Records from a collection
--
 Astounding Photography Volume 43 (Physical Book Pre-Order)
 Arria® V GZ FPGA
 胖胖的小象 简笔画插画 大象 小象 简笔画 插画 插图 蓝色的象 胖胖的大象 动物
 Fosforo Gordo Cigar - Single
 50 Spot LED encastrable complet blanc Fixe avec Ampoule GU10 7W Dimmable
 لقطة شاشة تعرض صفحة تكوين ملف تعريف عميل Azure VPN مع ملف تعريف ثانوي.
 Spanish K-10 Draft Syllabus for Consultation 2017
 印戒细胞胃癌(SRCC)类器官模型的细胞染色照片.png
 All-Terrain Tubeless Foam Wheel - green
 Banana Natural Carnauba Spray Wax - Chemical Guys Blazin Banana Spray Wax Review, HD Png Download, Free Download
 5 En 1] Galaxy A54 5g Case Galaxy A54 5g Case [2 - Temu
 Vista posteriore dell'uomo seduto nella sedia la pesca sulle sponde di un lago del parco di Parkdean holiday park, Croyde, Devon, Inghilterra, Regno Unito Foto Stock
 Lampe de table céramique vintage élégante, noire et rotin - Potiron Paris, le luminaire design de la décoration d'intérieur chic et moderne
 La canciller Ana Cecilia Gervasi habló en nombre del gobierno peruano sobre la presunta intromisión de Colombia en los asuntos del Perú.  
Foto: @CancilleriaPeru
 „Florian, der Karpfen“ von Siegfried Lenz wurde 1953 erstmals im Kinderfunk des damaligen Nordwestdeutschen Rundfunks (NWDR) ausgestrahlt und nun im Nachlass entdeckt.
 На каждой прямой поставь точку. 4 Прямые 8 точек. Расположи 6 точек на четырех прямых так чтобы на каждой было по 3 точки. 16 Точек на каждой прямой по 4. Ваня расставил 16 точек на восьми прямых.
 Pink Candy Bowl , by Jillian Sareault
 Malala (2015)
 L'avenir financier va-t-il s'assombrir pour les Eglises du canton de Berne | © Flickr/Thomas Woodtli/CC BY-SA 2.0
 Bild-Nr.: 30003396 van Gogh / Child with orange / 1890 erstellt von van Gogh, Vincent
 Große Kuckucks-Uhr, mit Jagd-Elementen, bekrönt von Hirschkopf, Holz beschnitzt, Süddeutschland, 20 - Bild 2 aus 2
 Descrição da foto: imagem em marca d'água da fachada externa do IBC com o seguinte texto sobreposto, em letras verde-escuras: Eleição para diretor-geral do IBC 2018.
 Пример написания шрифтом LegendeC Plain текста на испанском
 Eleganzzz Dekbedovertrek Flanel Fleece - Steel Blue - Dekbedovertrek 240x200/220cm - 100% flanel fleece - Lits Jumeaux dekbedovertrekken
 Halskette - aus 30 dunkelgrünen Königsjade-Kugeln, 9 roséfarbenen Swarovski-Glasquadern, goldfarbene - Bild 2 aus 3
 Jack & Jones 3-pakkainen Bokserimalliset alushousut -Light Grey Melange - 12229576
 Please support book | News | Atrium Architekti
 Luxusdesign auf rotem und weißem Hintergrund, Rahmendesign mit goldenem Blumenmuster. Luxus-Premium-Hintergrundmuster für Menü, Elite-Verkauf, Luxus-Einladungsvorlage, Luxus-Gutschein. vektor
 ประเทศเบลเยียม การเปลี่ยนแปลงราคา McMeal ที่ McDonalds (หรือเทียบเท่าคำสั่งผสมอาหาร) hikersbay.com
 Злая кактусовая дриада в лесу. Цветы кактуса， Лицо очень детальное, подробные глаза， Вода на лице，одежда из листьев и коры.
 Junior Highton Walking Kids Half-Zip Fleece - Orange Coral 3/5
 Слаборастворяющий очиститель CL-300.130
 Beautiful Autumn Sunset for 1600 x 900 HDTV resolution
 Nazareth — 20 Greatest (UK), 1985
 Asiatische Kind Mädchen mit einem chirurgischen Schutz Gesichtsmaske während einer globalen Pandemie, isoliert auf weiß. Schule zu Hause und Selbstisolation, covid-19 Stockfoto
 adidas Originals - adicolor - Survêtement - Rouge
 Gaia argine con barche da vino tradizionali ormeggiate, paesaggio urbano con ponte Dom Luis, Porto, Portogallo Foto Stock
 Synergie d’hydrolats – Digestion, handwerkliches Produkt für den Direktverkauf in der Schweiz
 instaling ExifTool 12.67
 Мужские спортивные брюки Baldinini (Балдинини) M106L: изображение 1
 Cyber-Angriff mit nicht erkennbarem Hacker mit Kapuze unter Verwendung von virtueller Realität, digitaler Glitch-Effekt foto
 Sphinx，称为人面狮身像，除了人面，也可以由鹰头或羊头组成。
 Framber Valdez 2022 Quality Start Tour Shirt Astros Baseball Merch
--
◆ **Task item**:
Each line of the entries above that has the word "Bild" is to be copied.

◆ **Answer**:
 Bild-Nr.: 30003396 van Gogh / Child with orange / 1890 erstellt von van Gogh, Vincent
 Große Kuckucks-Uhr, mit Jagd-Elementen, bekrönt von Hirschkopf, Holz beschnitzt, Süddeutschland, 20 - Bild 2 aus 2
 Halskette - aus 30 dunkelgrünen Königsjade-Kugeln, 9 roséfarbenen Swarovski-Glasquadern, goldfarbene - Bild 2 aus 3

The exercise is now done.